Codex Bobbiensis (k)

Photographic facsimile of the final leaf of Mark's Gospel in Codex BobbiensisCodex Bobbiensis (designated k in critical editions) is an important relic of the Old Latin versions of the Bible which were in use for nearly two hundred years before Jerome produced the Latin Vulgate. Bobbiensis is dated by most critics to about the year A.D. 400, though some have dated it a century later. By its similarities to the biblical quotations found in the writings of Cyprian of Carthage, critics have concluded that the manuscript represents a form of the text which prevailed in the African province during his lifetime, in the third century. Unfortunately, the manuscript is only partly preserved. It contains the latter half of Mark's Gospel (from chapter 8 to the end) and the first half of Matthew (up to chapter 15). Below are the descriptions of the manuscript from the introductions of S.P. Tregelles, F.H.A. Scrivener, and Bruce Metzger. Click on the image at left to see an enlarged view of one especially interesting page of the manuscript.

S.P. Tregelles, An Introduction to the Critical Study and Knowledge of the Holy Scriptures, 14th ed., vol. iv (London: Longmans, Green and Co., 1877), p. 239.

Codex Bobbiensis. -- This MS. like the other literary treasures once at Bobbio, has been removed from the monastery from which it takes its name: it is now at Turin. Its date is considered to be the fifth century. The extant portion contains parts of the Gospels of Matthew and Mark. The text had been copied and edited by Fleck with his accustomed inaccuracy: it was retranscribed by Tischendorf, who published a portion in the Wiener Jahrbücher [1847]. Tischendorf speaks of the text of this MS. as though it belonged to the "Itala;" it ought rather to be considered as representing a peculiar revision of the Old Latin, in which there is an evident use of a Greek text more Alexandrian than that which had been the original basis of the Latin version. It has besides many peculiarities. Passages are abridged in a manner which seems arbitrary. In places, the conclusion of Mark's Gospel for example, k. preserves in Latin readings which we know independently to have been very ancient: it may thus be regarded as a type of text which would have been of very great value if it had come down to us more free from the changes made by copyists; but even as it is, and with all its imperfections, it has great value, especially in places in which it supports the reading of a few of the best and oldest Greek MSS. It is to be regretted that Lachmann only knew the readings of k. from Fleck's most incorrect edition.

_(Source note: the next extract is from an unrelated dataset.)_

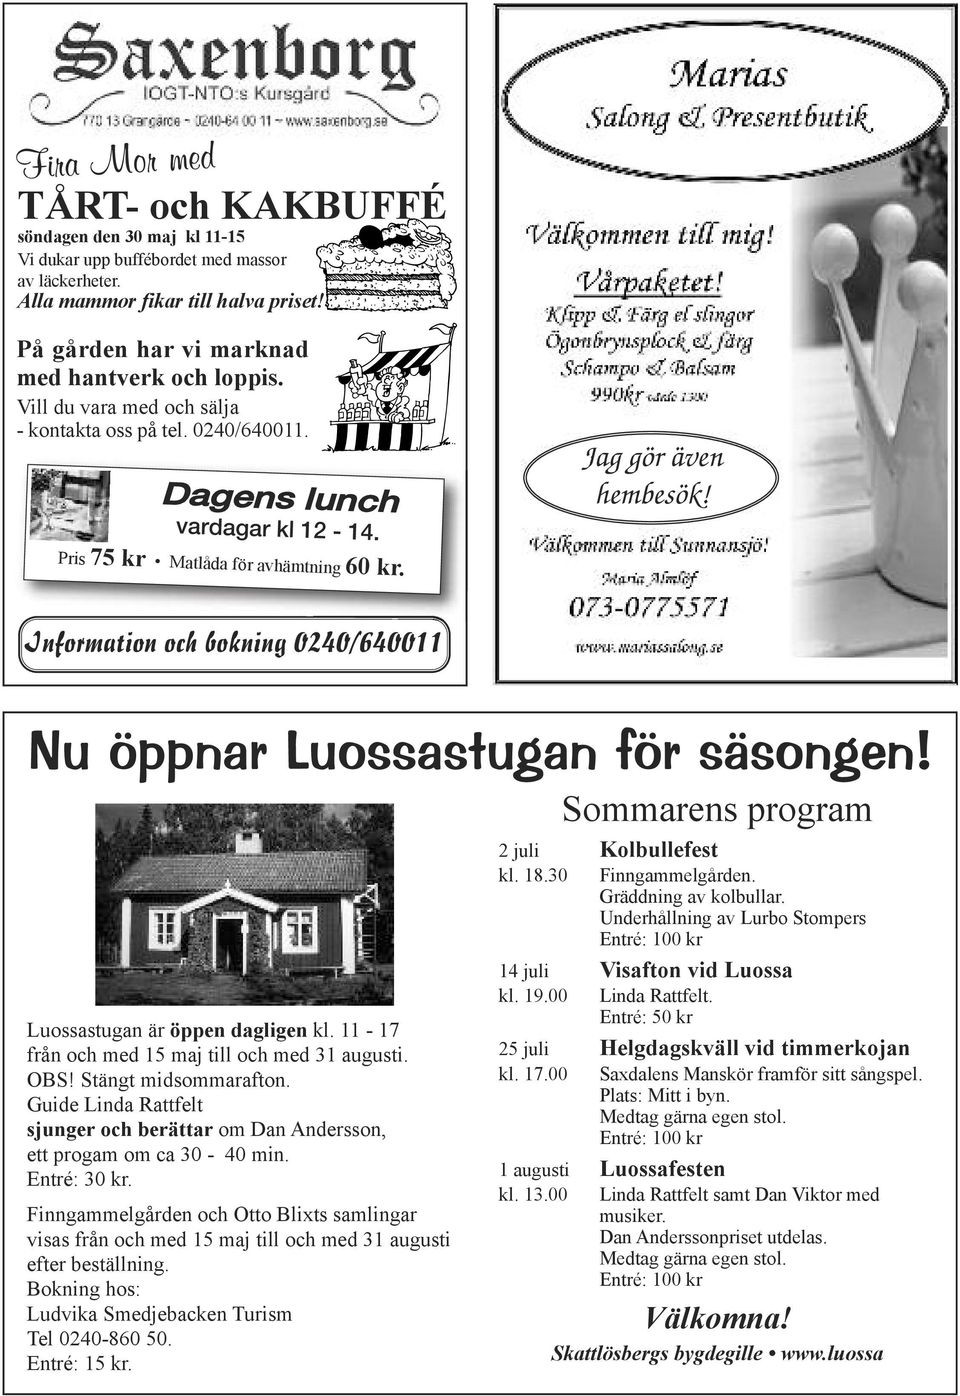 Information och bokning 0240/640011 Nu öppnar Luossastugan för säsongen! Luossastugan är öppen dagligen kl. 11-17 från och med 15 maj till och med 31 augusti. OBS! Stängt midsommarafton.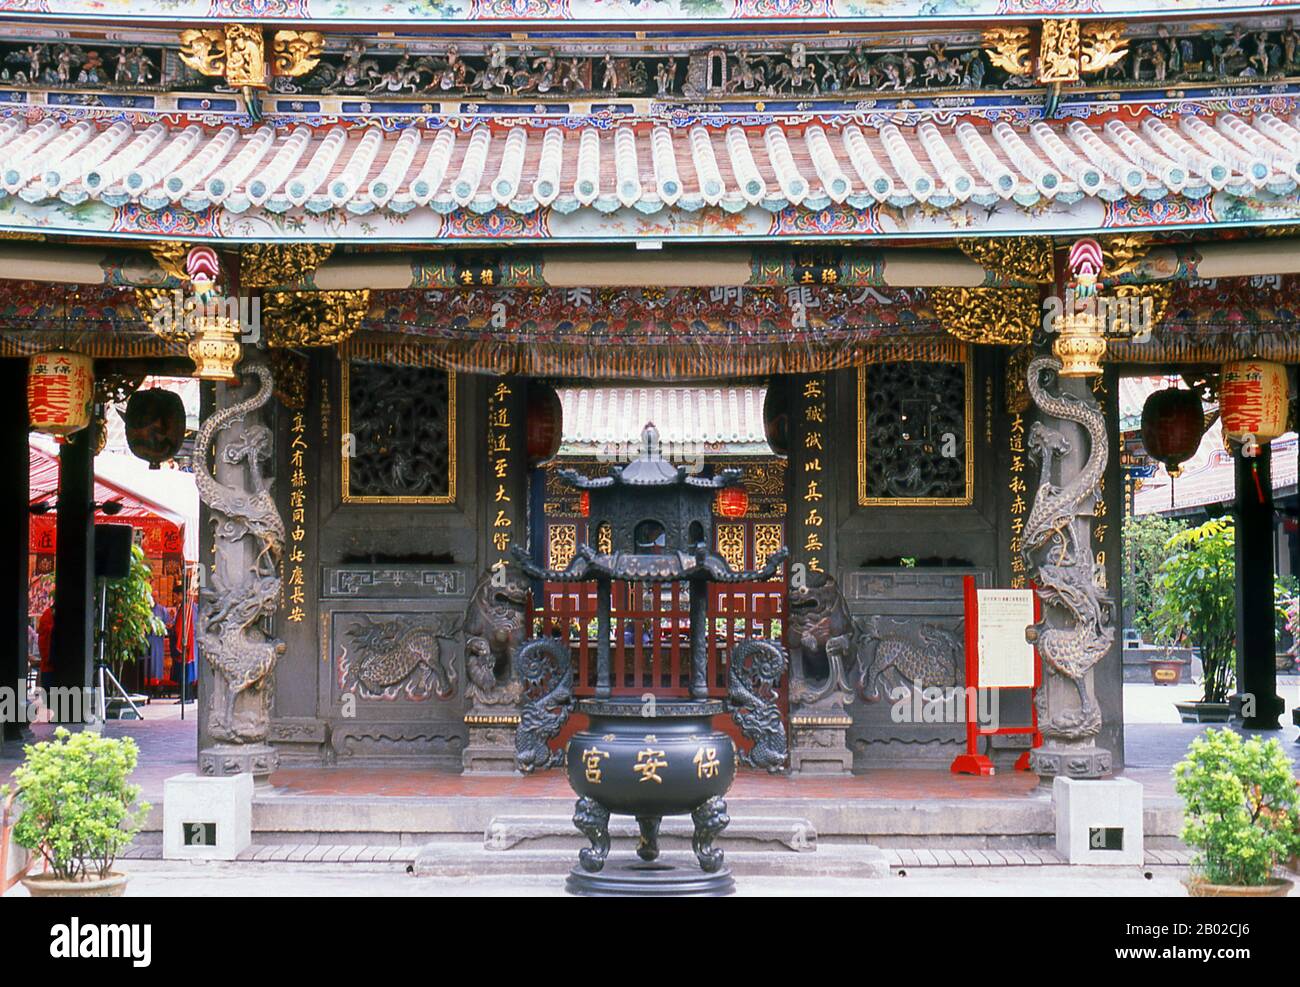 Der Dalongdong Baoan-Tempel (Chinesisch: 大龍峒保安宮; Pe̍h-ōe-jī: Tōa-lông-pōng pó an-Kiong), auch Taipeh Baoan-Tempel (Chinesisch: 臺北保安宮) ist ein taiwanischer Folk-Religion-Tempel, der im Taiwanesen im Bezirk Datong in Taipeh, Taiwan, erbaut wurde. Der heutige Tempel wurde ursprünglich von Clanmitgliedern im Tong'an District (同安) erbaut, die Anfang des 19. Jahrhunderts nach Taipeh einwanderten und dem Tempel den Namen Bao'an (保安) gaben, um "die von Tong'an" (保佑同安) zu schützen. Der Tempelbau begann im Jahr 1804 und ersetzte einen zuvor vorhandenen Holzschrein aus dem Jahr 1742 in Dalongdong. Stockfoto

F.H.A. Scrivener, A Plain Introduction to the Criticism of the New Testament for the Use of Biblical Students, 4th ed., edited by Edward Miller, vol. ii (London: George Bell and Sons, 1894), p. 48.

k. Cod. Bobiensis [v or vi], now in the National Library at Turin (G. vii. 15), whither it was brough with a vast number of other books from Bobbio; traditionally asserted to have belonged to St. Columban, who died in the monastery he had founded there, in 615. This MS. is perhaps the most important, in regard to text, of all the Old Latin copies, being undoubtedly the oldest existing representative of the African type. It contains Mark 8:8-11; 8:14-16; 8:19-16:9; Matthew 1:1-3:10; 4:2-14:17; 15:20-36; the order then was probably John, Luke, Mark, Matthew. It was edited by F.F. Fleck in 1837, and by Tischendorf in 1847-49; but so inaccurately by the former and so inconveniently by the latter as to be little known and used by students. It was finally edited by Bishop Wordsworth (1886) as No. 2 of the 'Old Latin Bible Texts,' with full introduction, and with a dissertation on the text by Professor Sanday.

B. M. Metzger, The Text of the New Testament: Its Transmission, Corruption, and Restoration, 3rd ed. (New York: Oxford University Press, 1992), p. 73.

The most important witness to the African Old Latin is codex Bobbiensis, to which the symbol k has been assigned. Unfortunately, it is quite fragmentary, containly only about half of Matthew and Mark. It was copied about A.D. 400 in Africa and brought to the Irish monastery of Bobbio in northern Italy, where it was preserved for many centuries until it found a home in the National Library at Turin, where it is now. Its form of text agrees very closely with the quotations made by St. Cyprian of Carthage (about A.D. 250). According to E.A. Lowe, k shows paleographical marks of having been copied from a second-century papyrus. It is noteworthy that k contains the intermediate ending of the Gospel according to Mark.